> [Exercise brief] Below are the records; give again exactly the lines from the one containing "Chia sẽ mẫu" through the one containing "22601 Syrien - Wahlparty", leaving out pictures.

──────── Material to process ────────

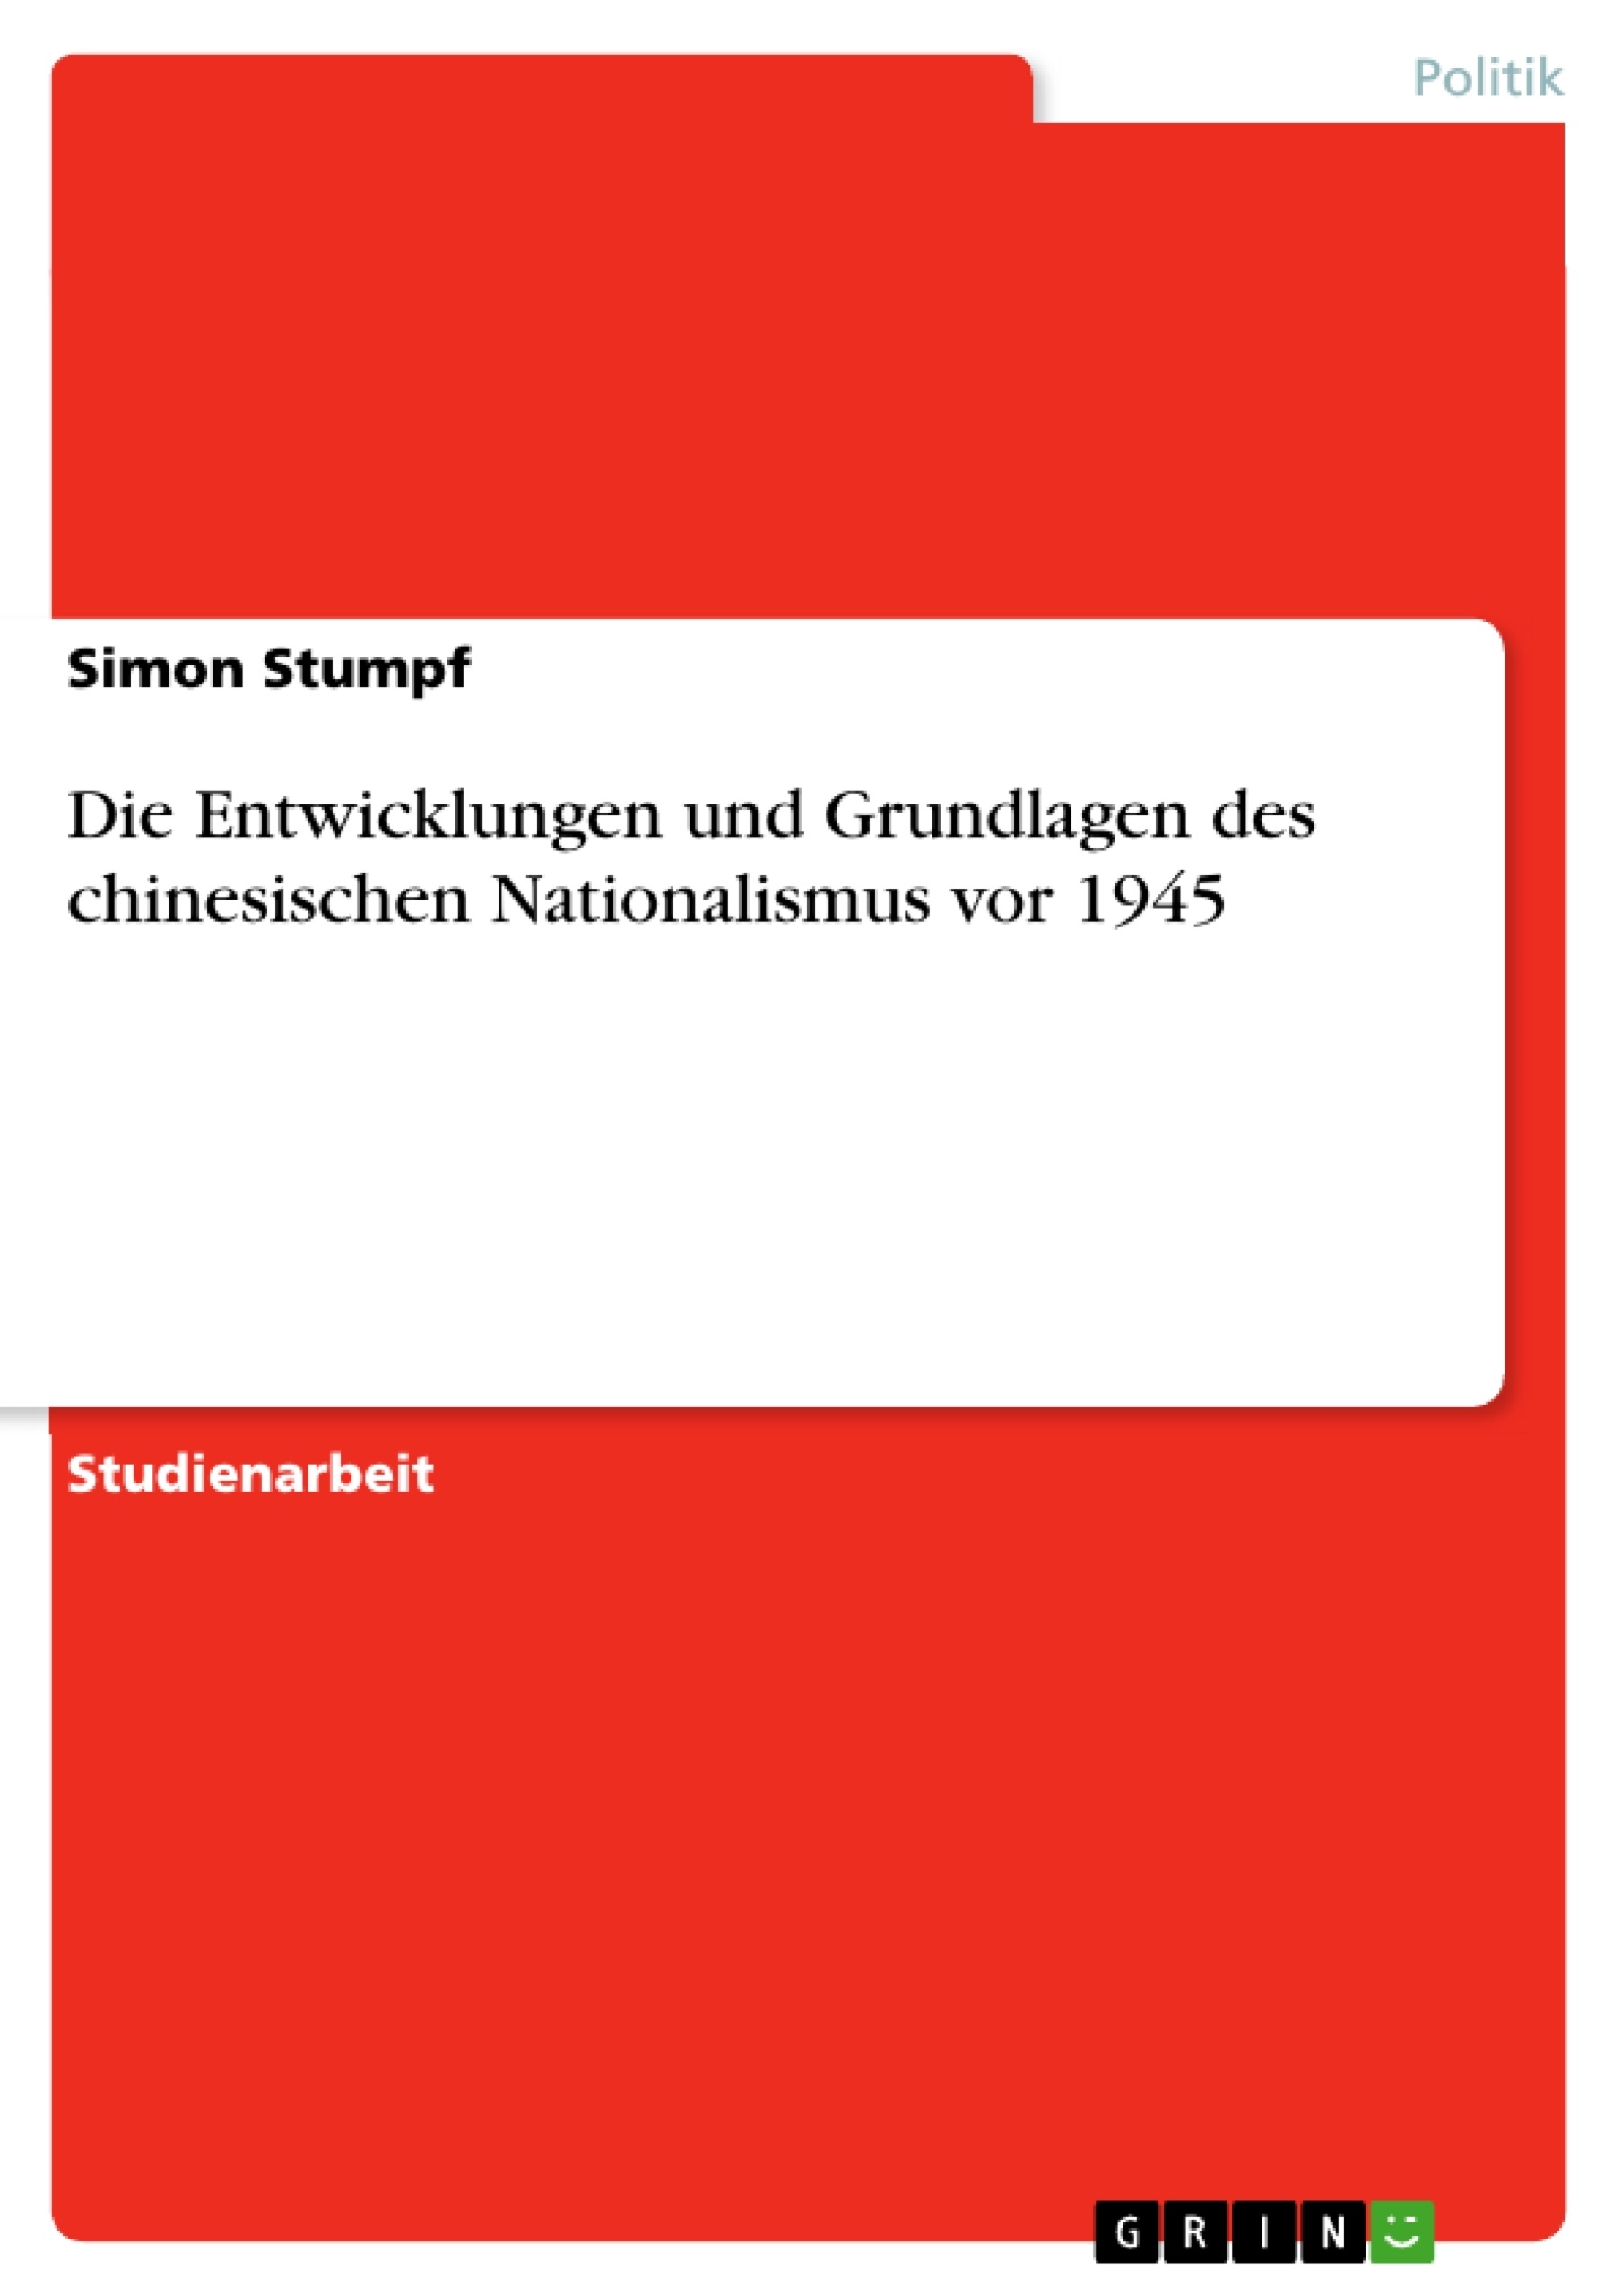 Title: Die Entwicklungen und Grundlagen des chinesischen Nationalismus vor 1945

────────
──────── Material to process ────────

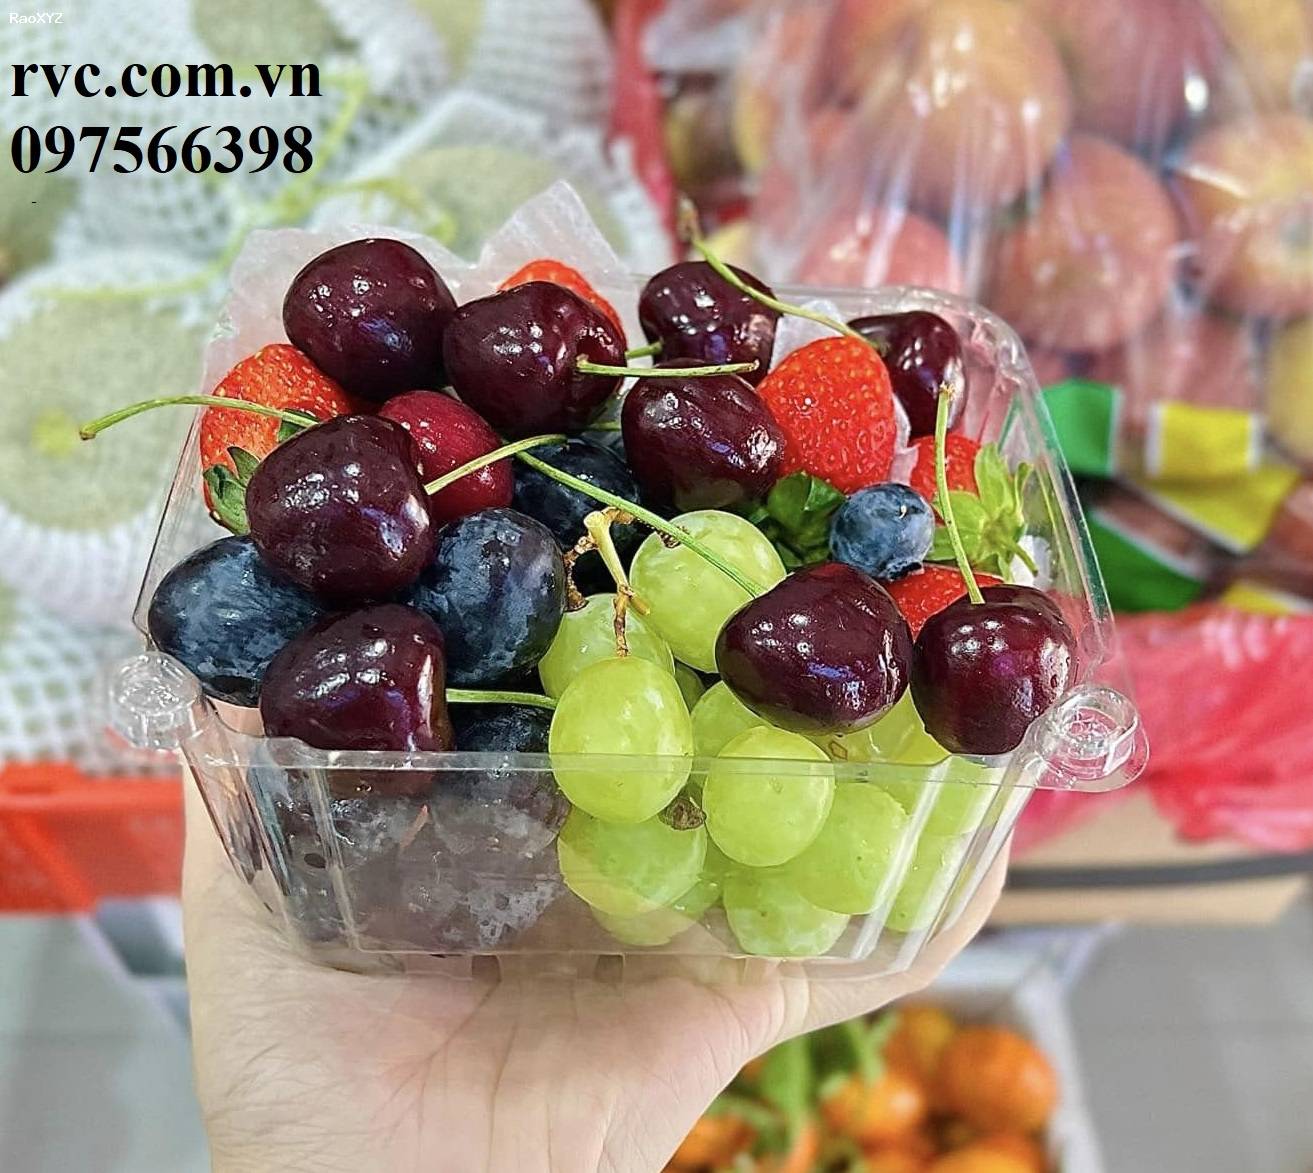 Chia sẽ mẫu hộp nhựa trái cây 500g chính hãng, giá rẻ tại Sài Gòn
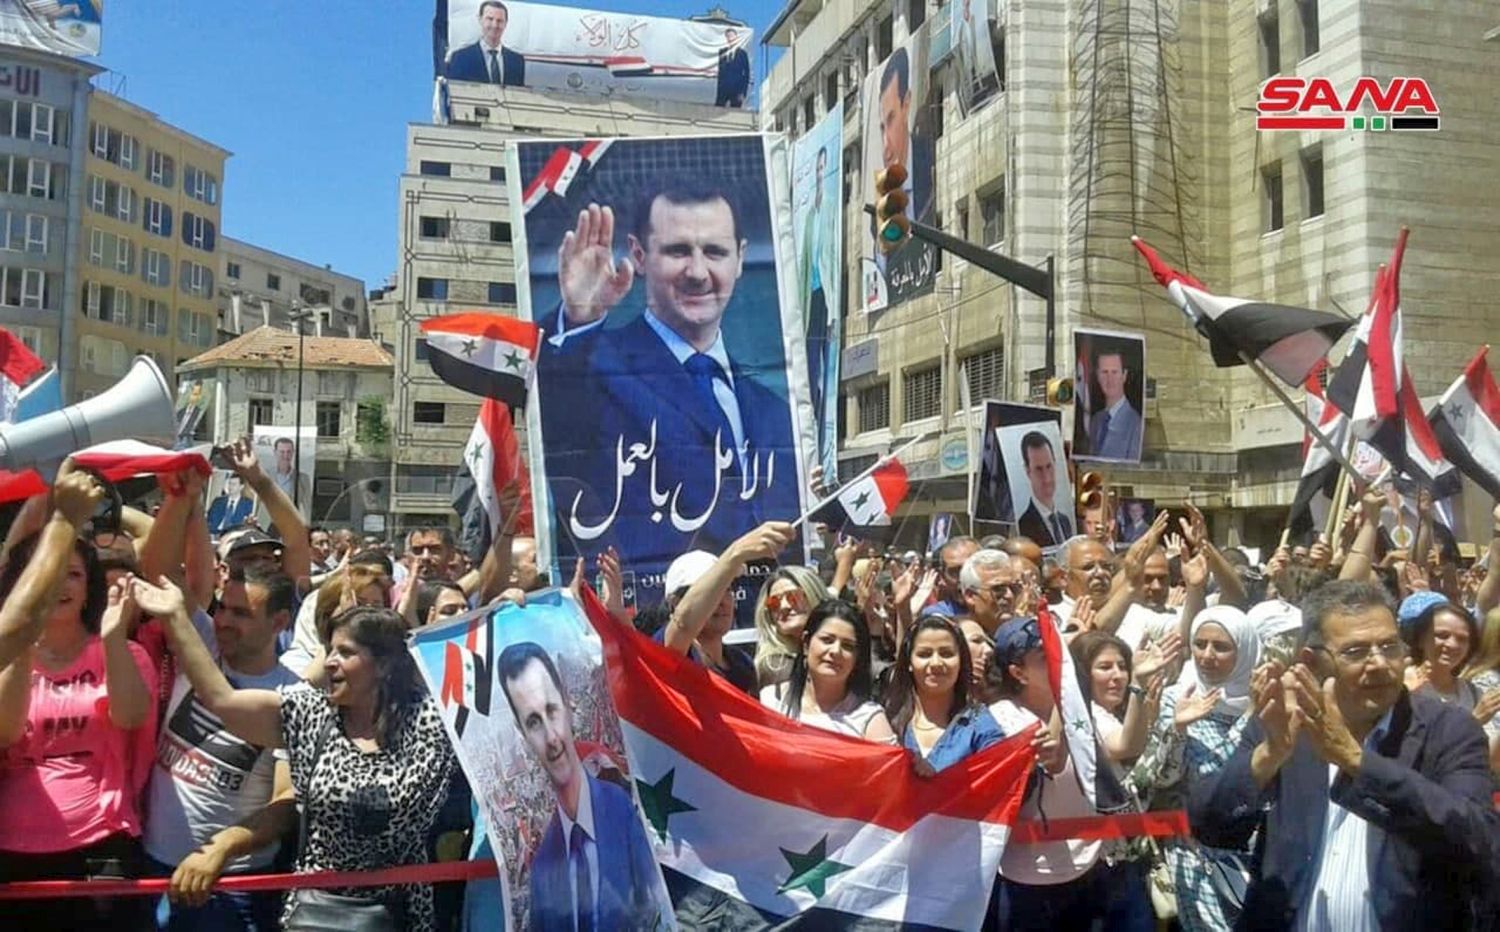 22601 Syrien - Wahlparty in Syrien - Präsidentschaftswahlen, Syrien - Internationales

────────
──────── Material to process ────────

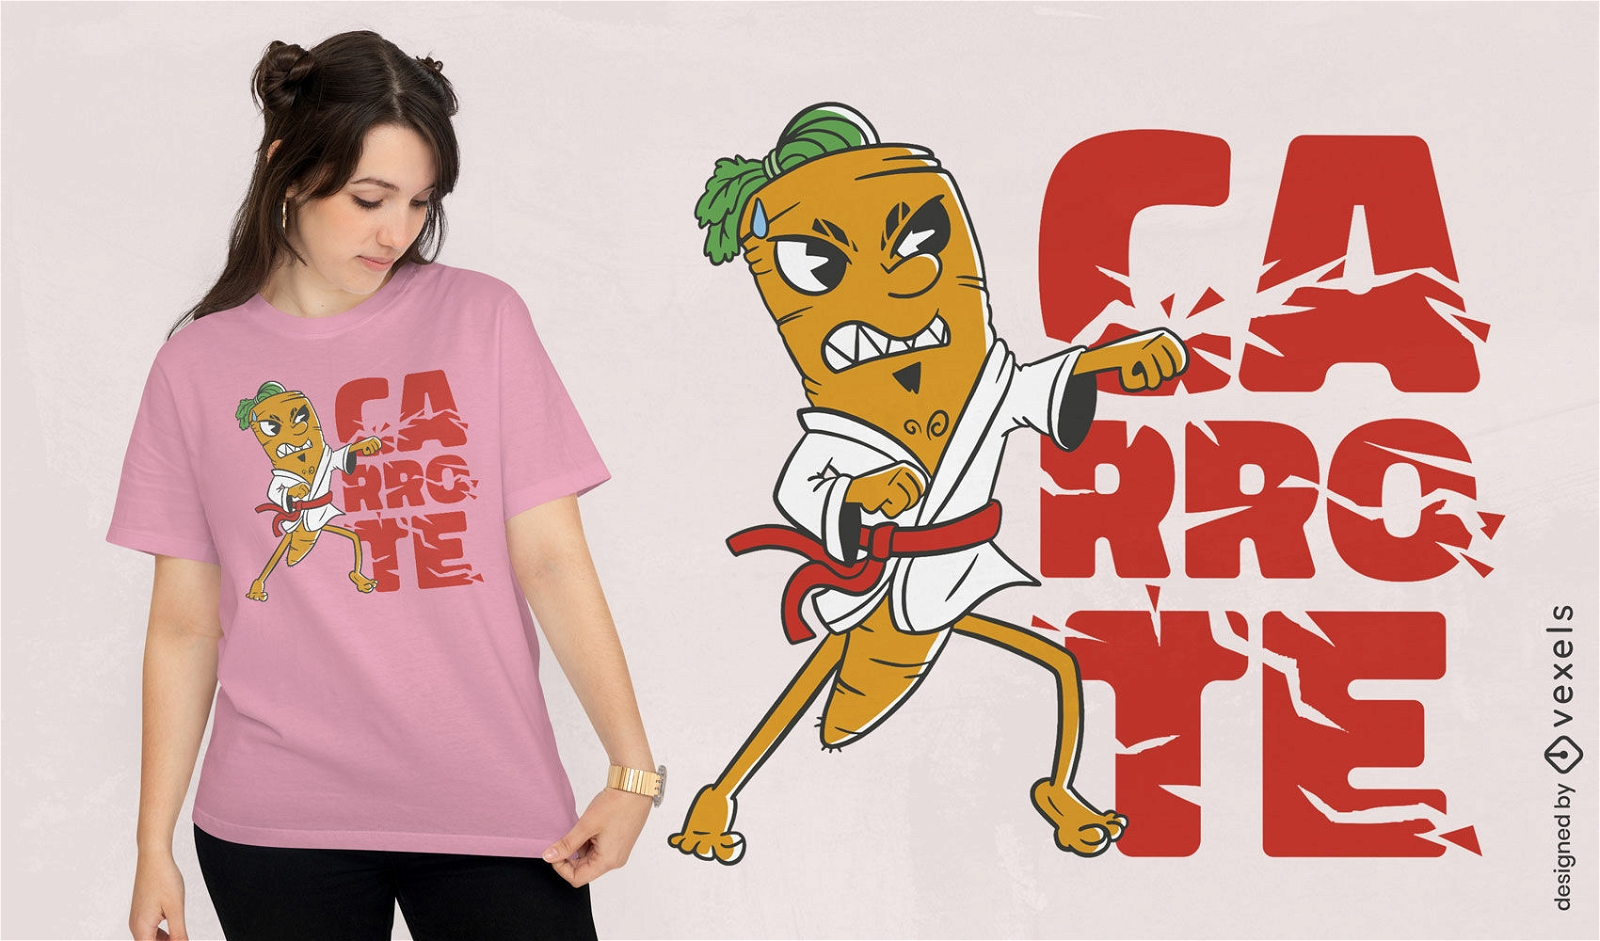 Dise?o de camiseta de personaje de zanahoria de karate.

────────

> [Response for this exercise]
 Chia sẽ mẫu hộp nhựa trái cây 500g chính hãng, giá rẻ tại Sài Gòn
 22601 Syrien - Wahlparty in Syrien - Präsidentschaftswahlen, Syrien - Internationales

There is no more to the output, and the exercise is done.